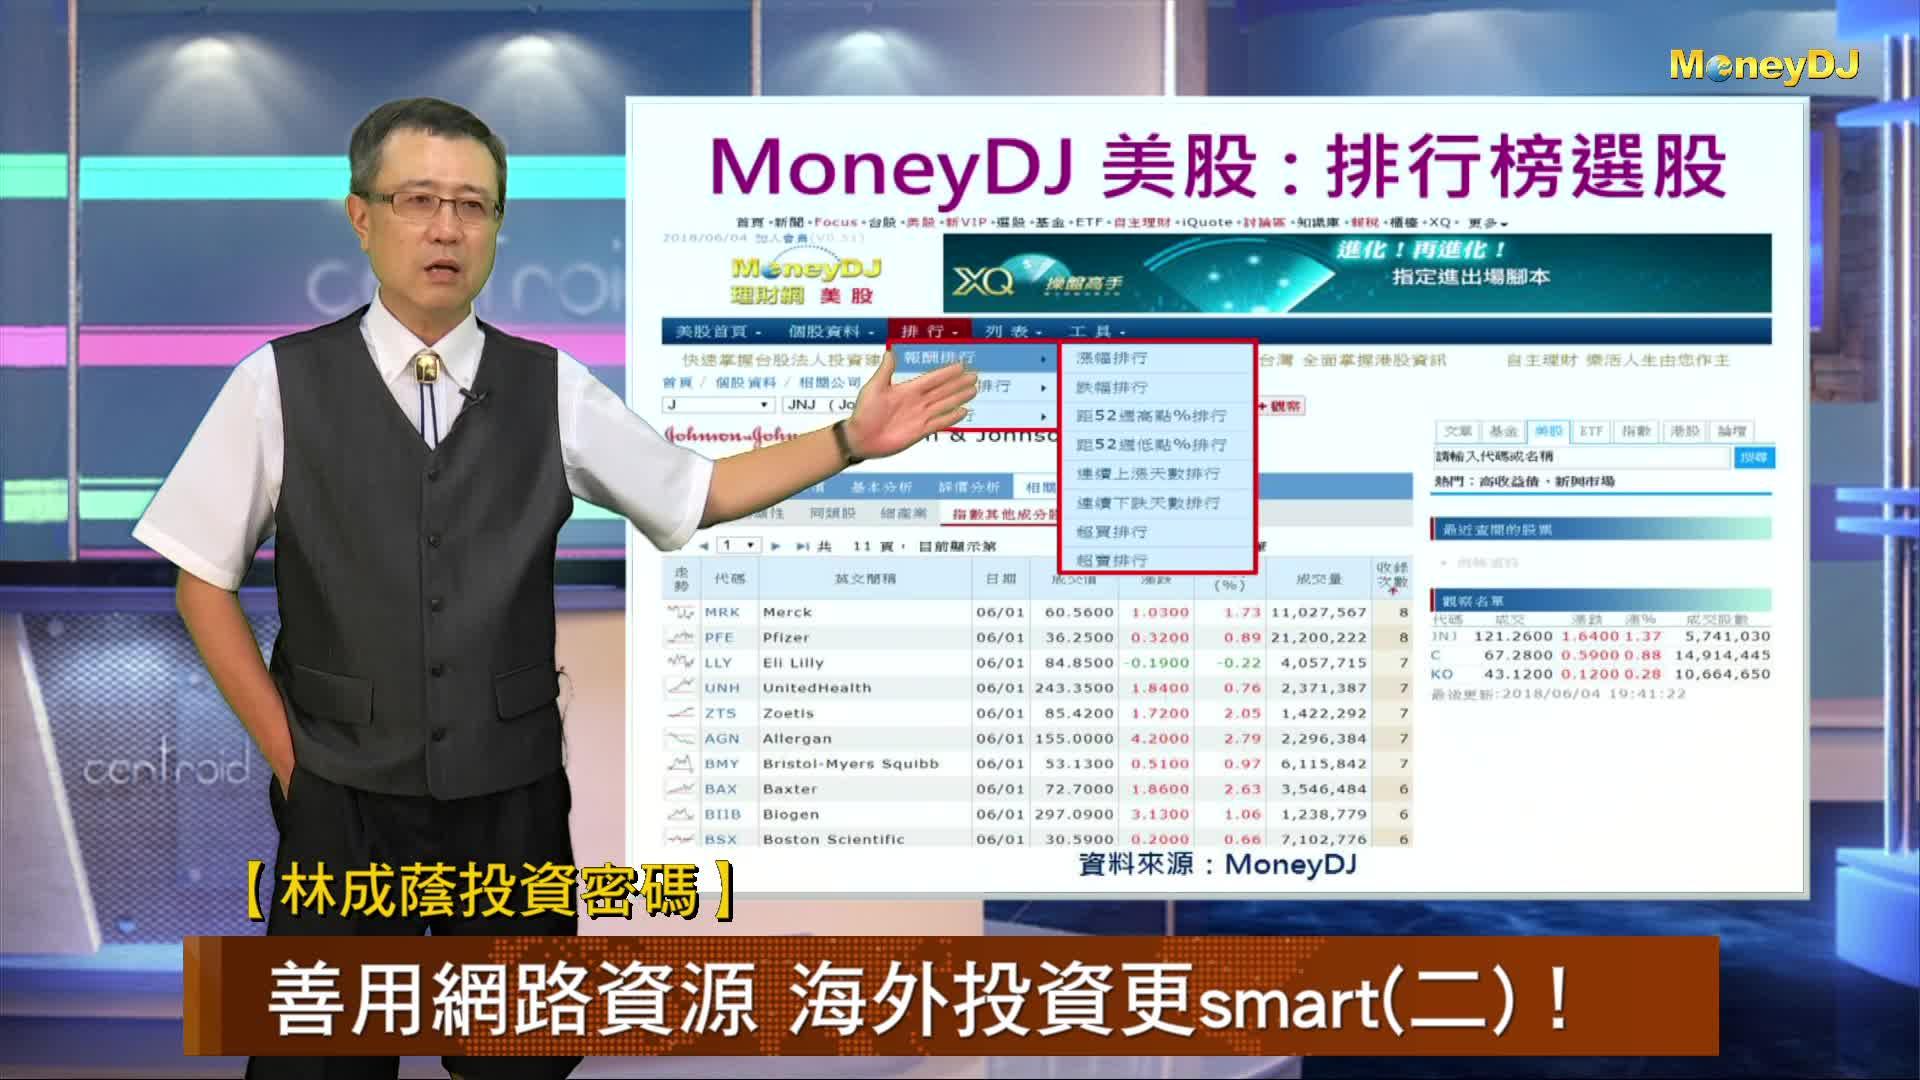 善用網路資源 海外投資更smart(二) !
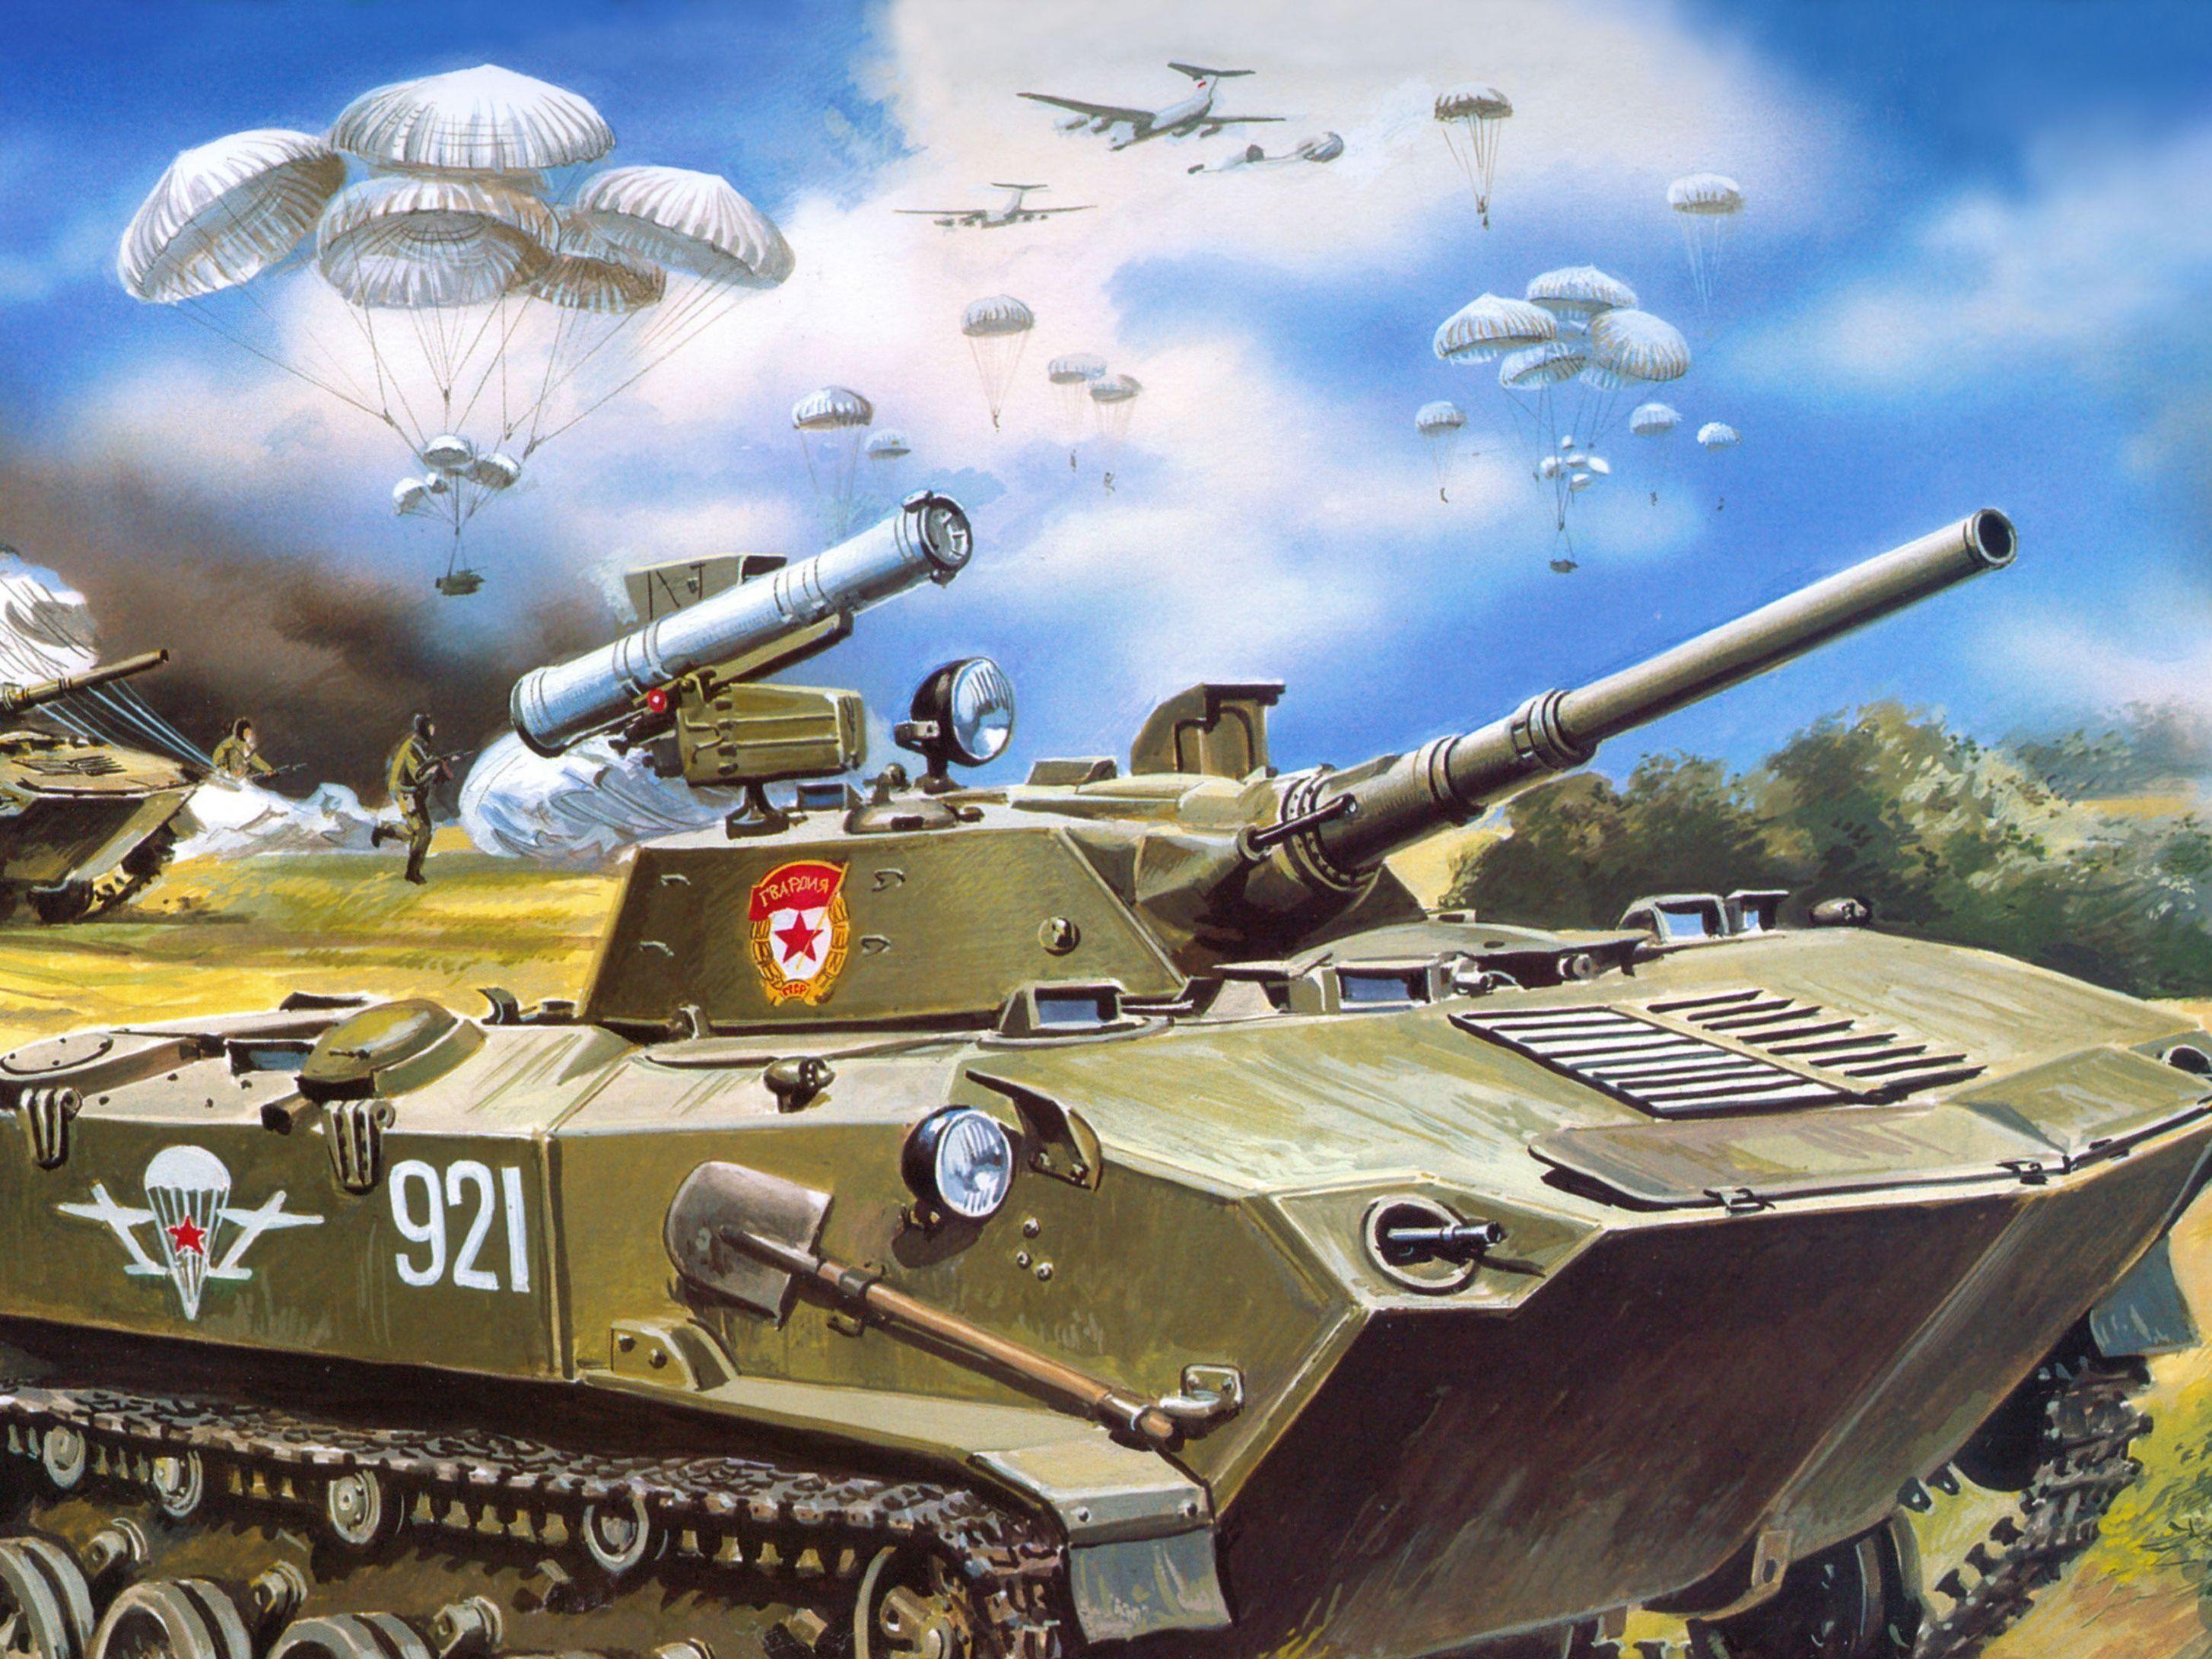 Картинки с днем рождения военный
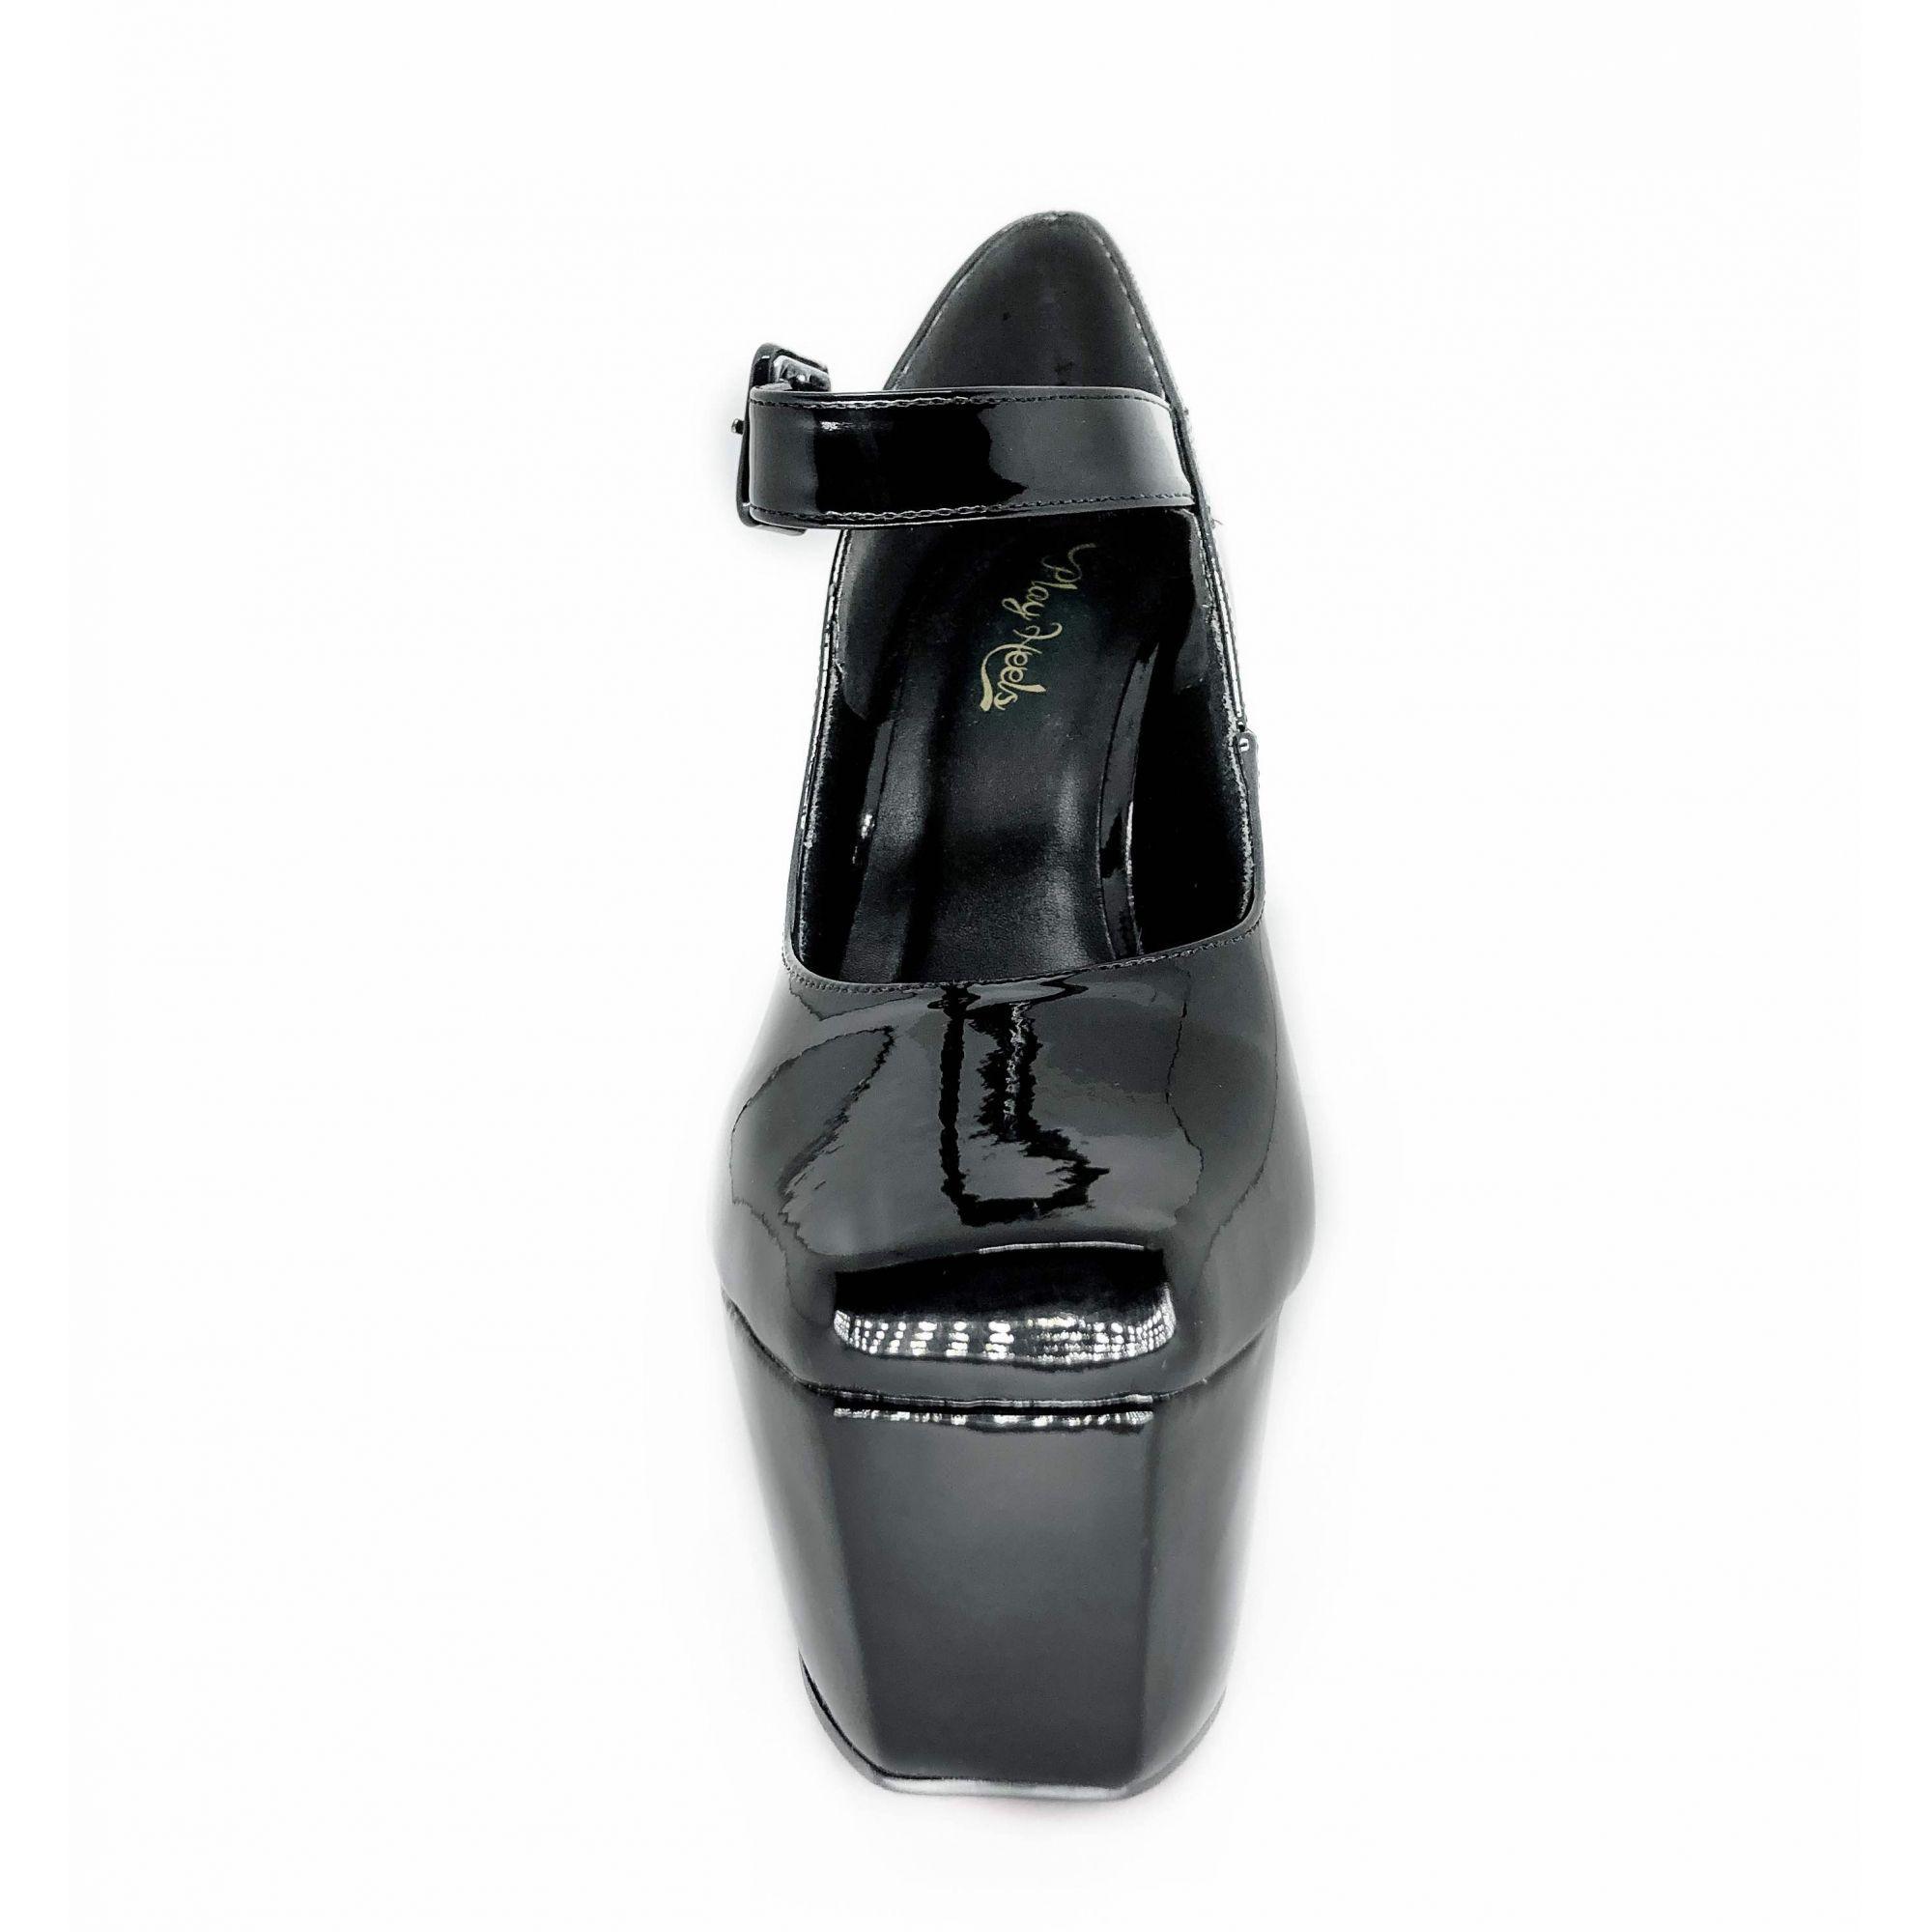 Sapato Doll Preto NR 40BR - Play Heels (pronta entrega)

· · ·

◆ **What you will do**: Please retype the listing in full, exactly as given, and skip every image.

◆ **Solution to this exercise**:
 善用網路資源 海外投資更smart(二) !
 Картинки с днем рождения военный
 Sapato Doll Preto NR 40BR - Play Heels (pronta entrega)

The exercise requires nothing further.